• _DATA SEGMENT_

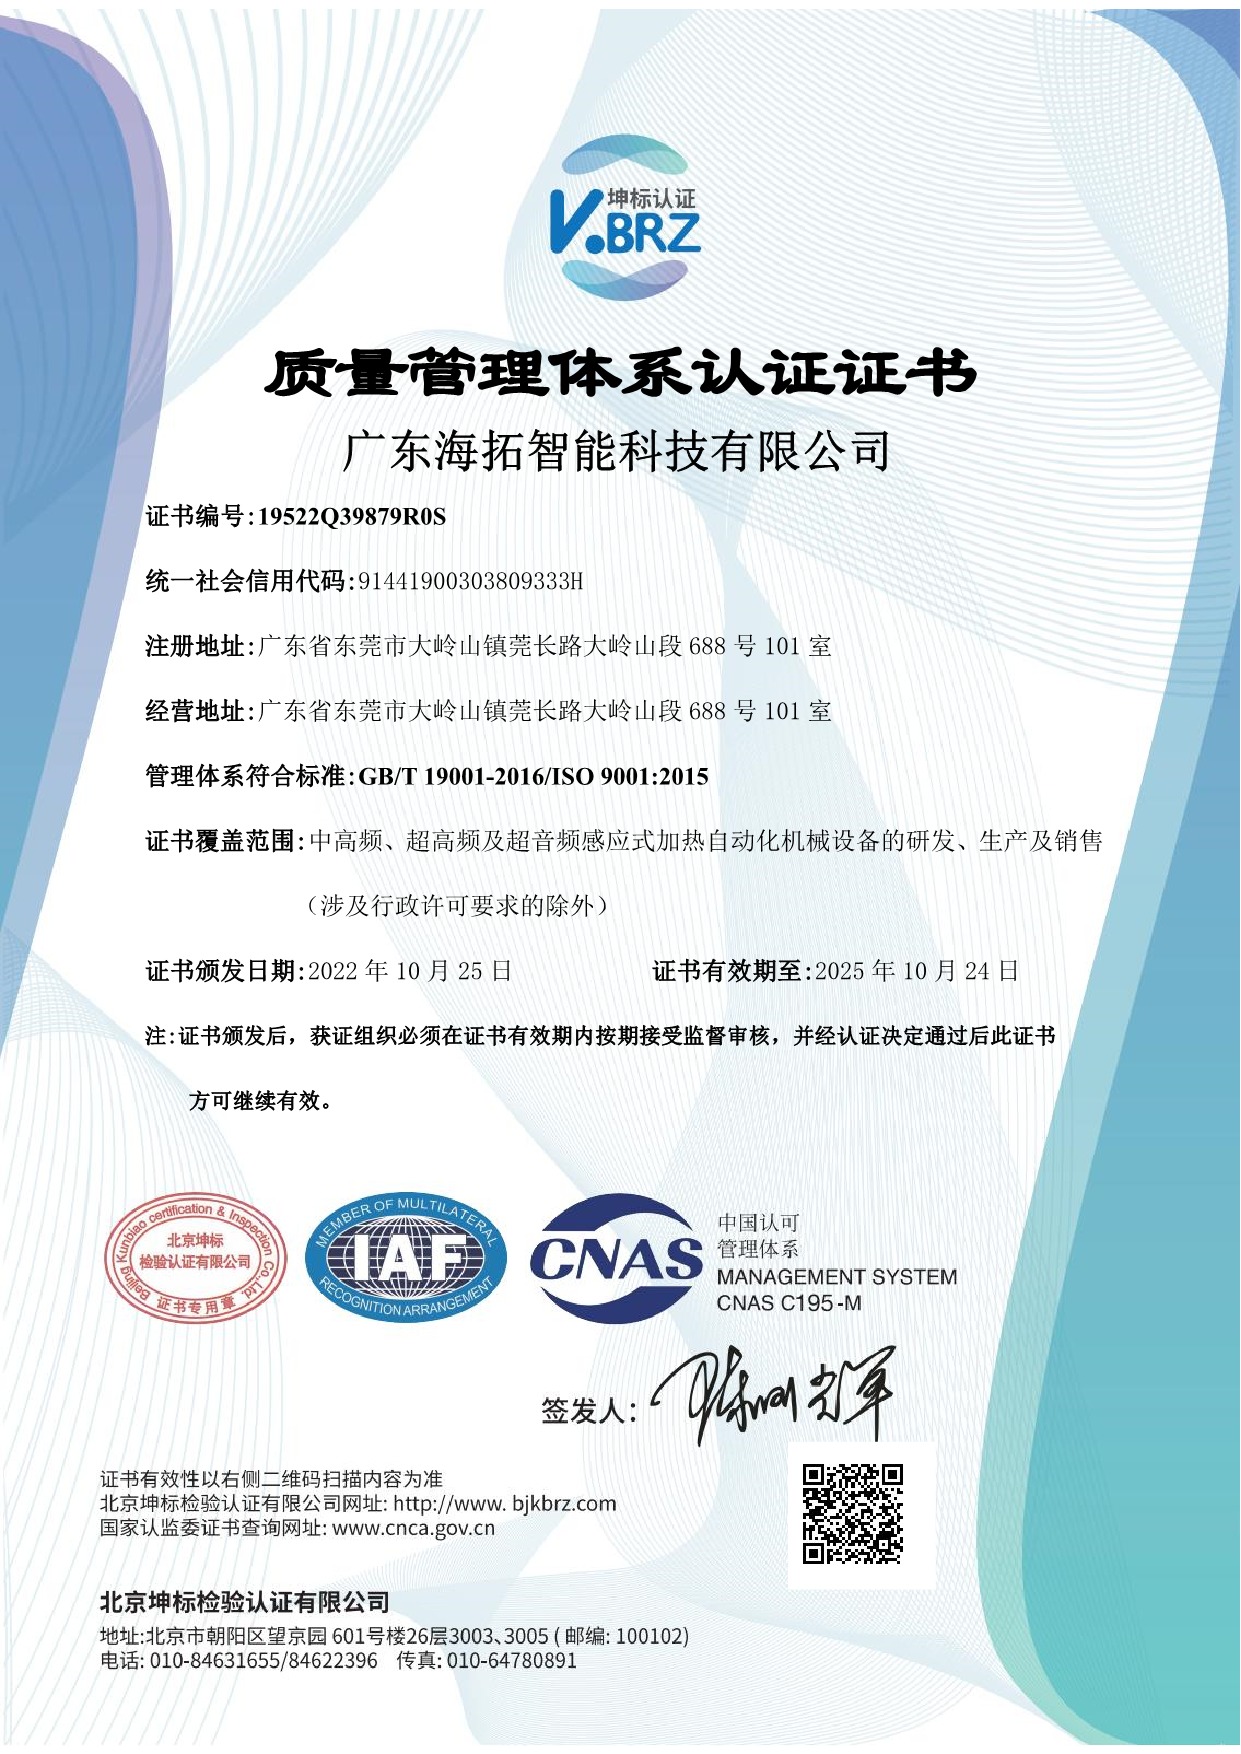 澳门新萄京59533com智能科技有限企业Q IAF中文证书（质量）.jpeg
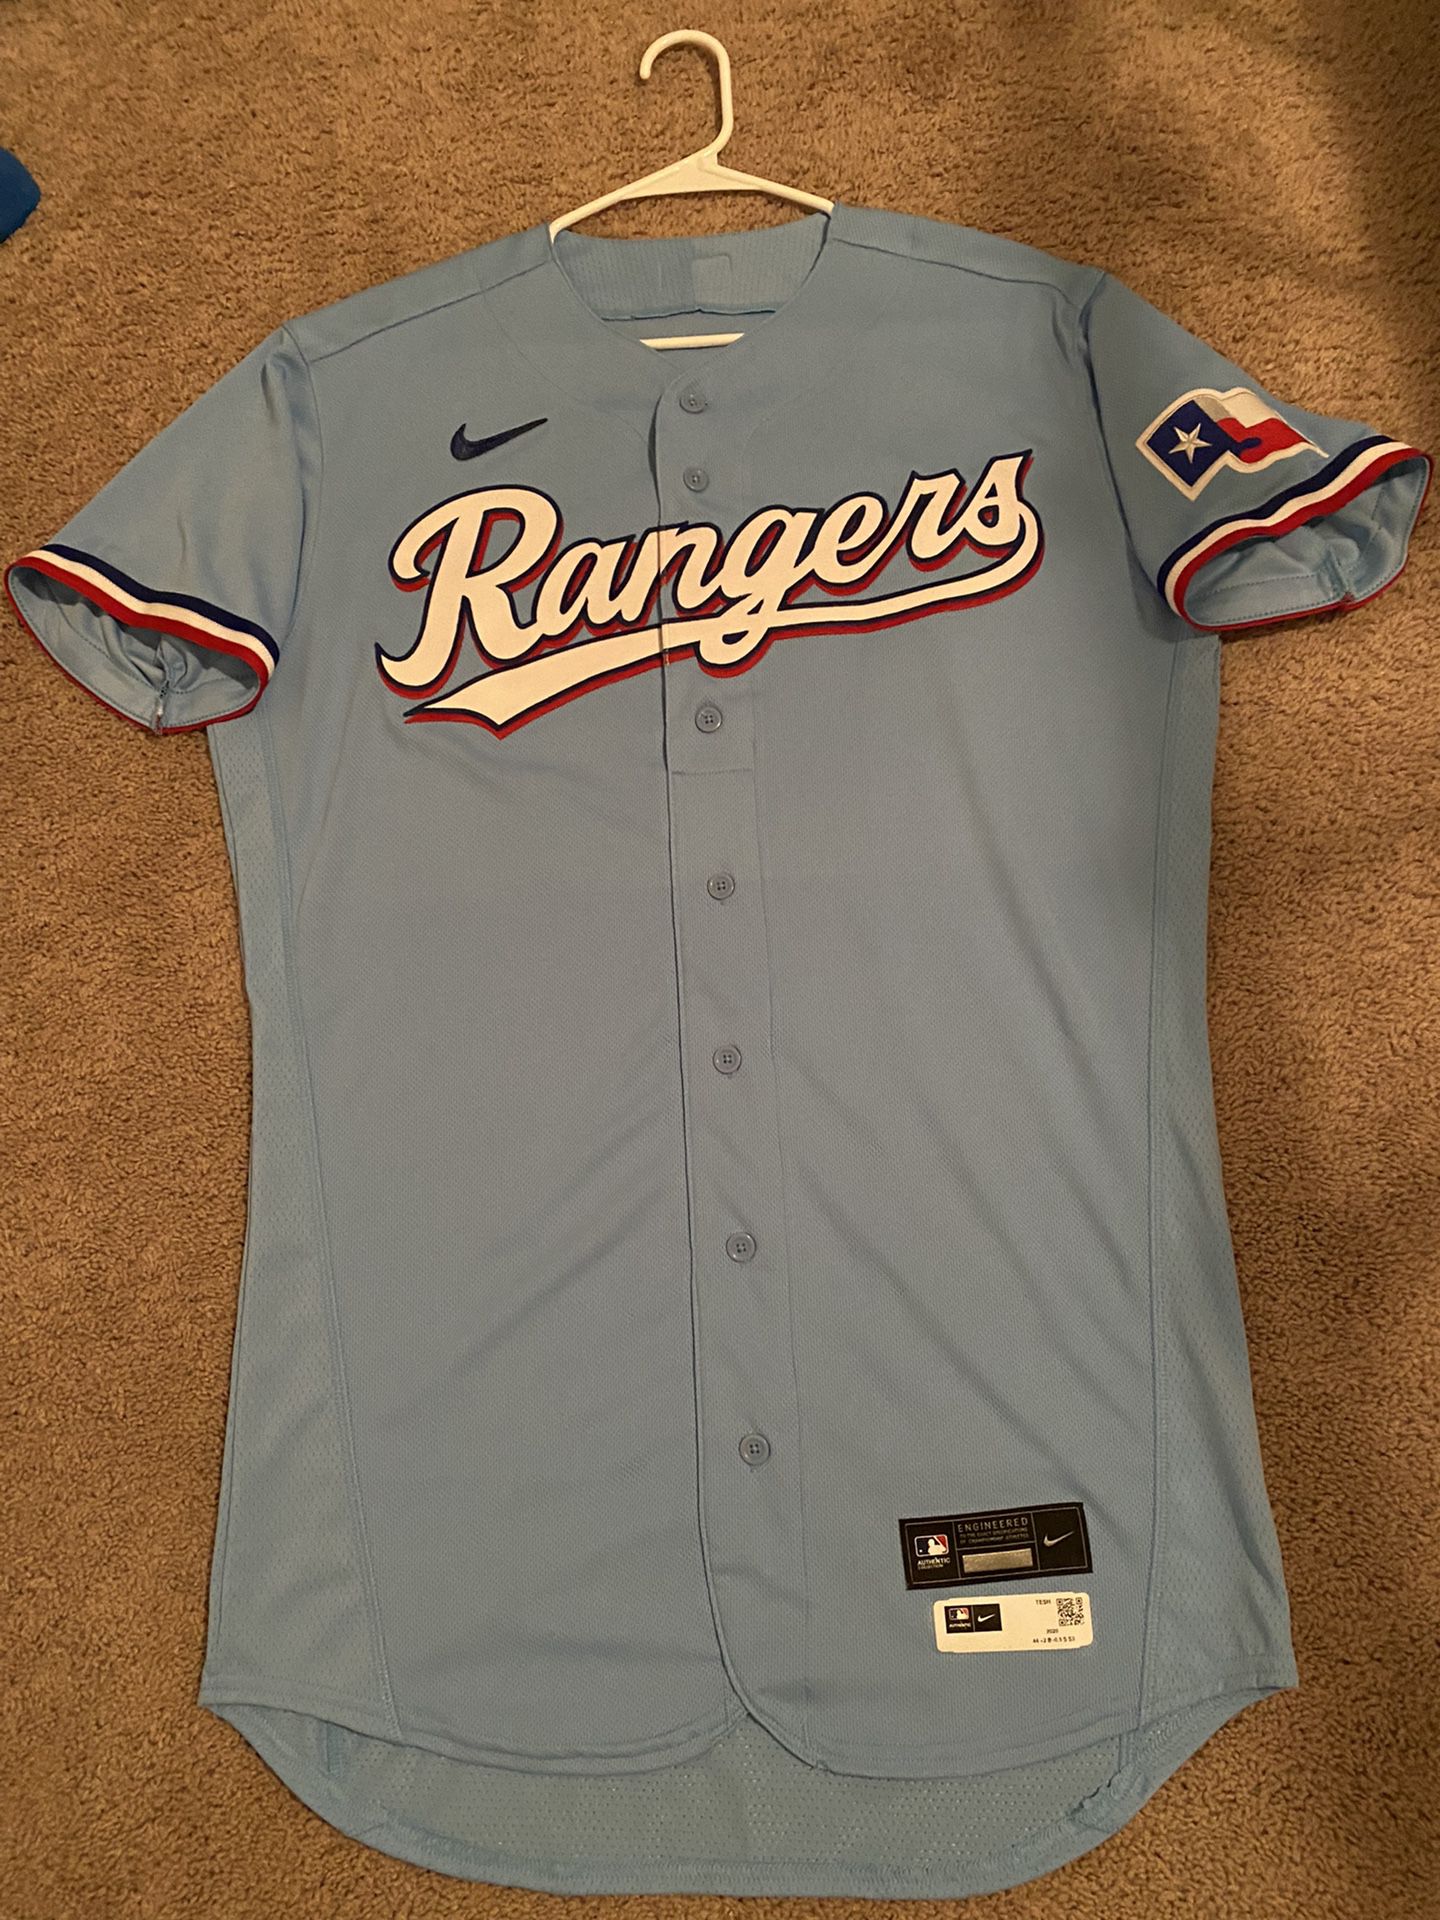 texas rangers light blue jersey
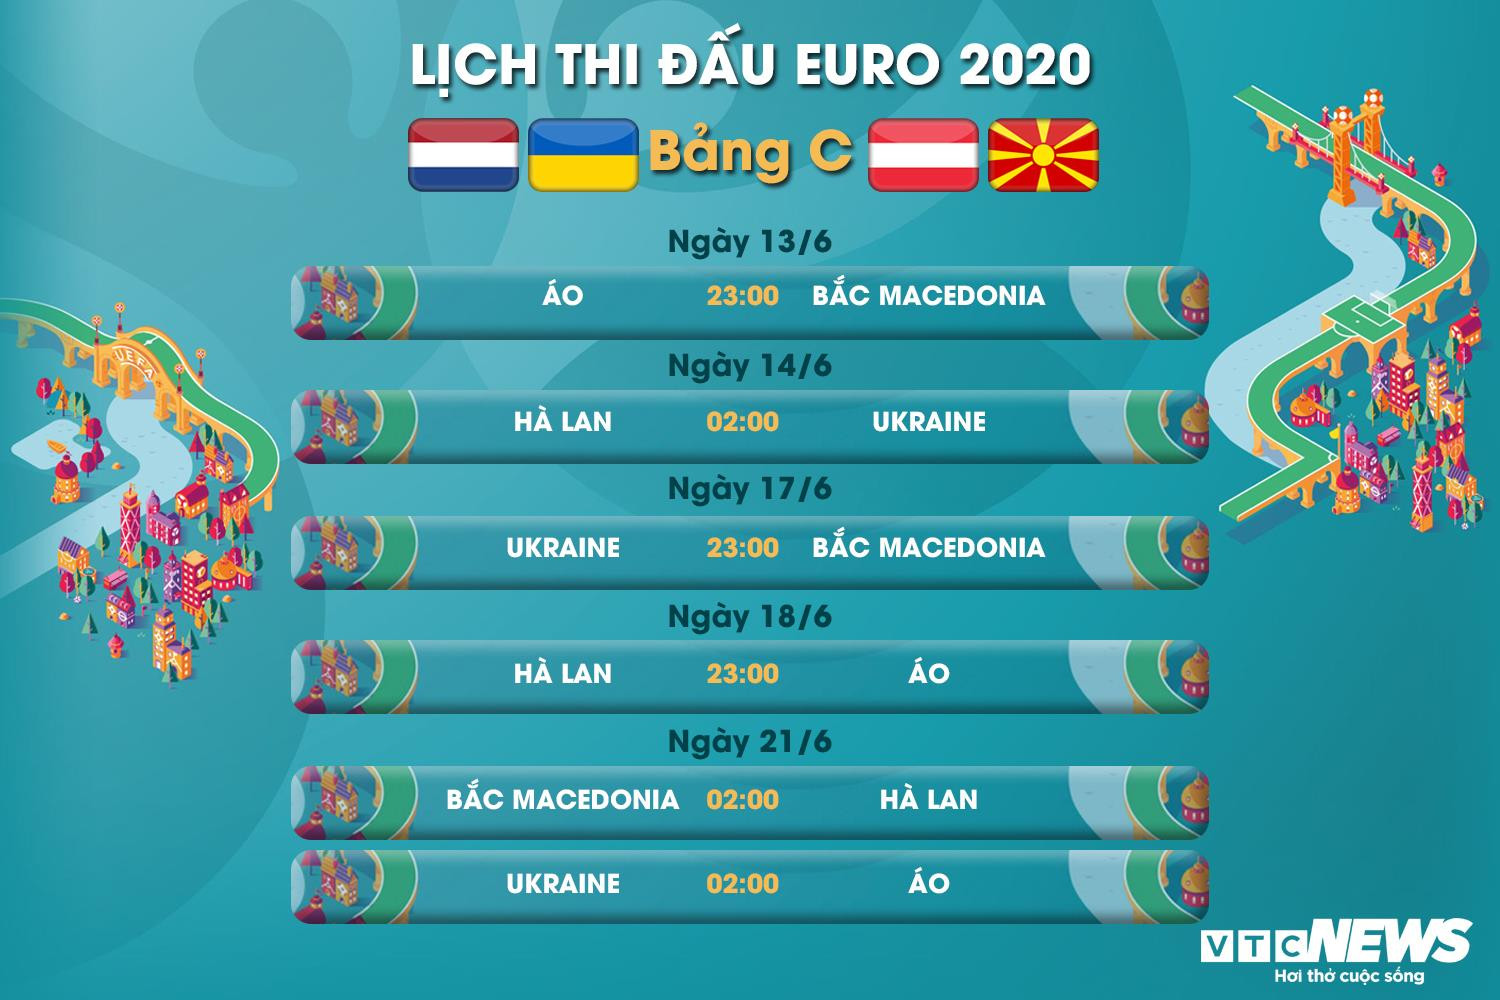 Lịch thi đấu EURO 2020 bảng C - 1

• _WORK TASK_
Reproduce the listing above exactly, but skip the pictures.

• _PROBLEM SOLUTION_
 澳门新萄京59533com智能科技有限企业Q IAF中文证书（质量）.jpeg
 texas rangers light blue jersey
 Lịch thi đấu EURO 2020 bảng C - 1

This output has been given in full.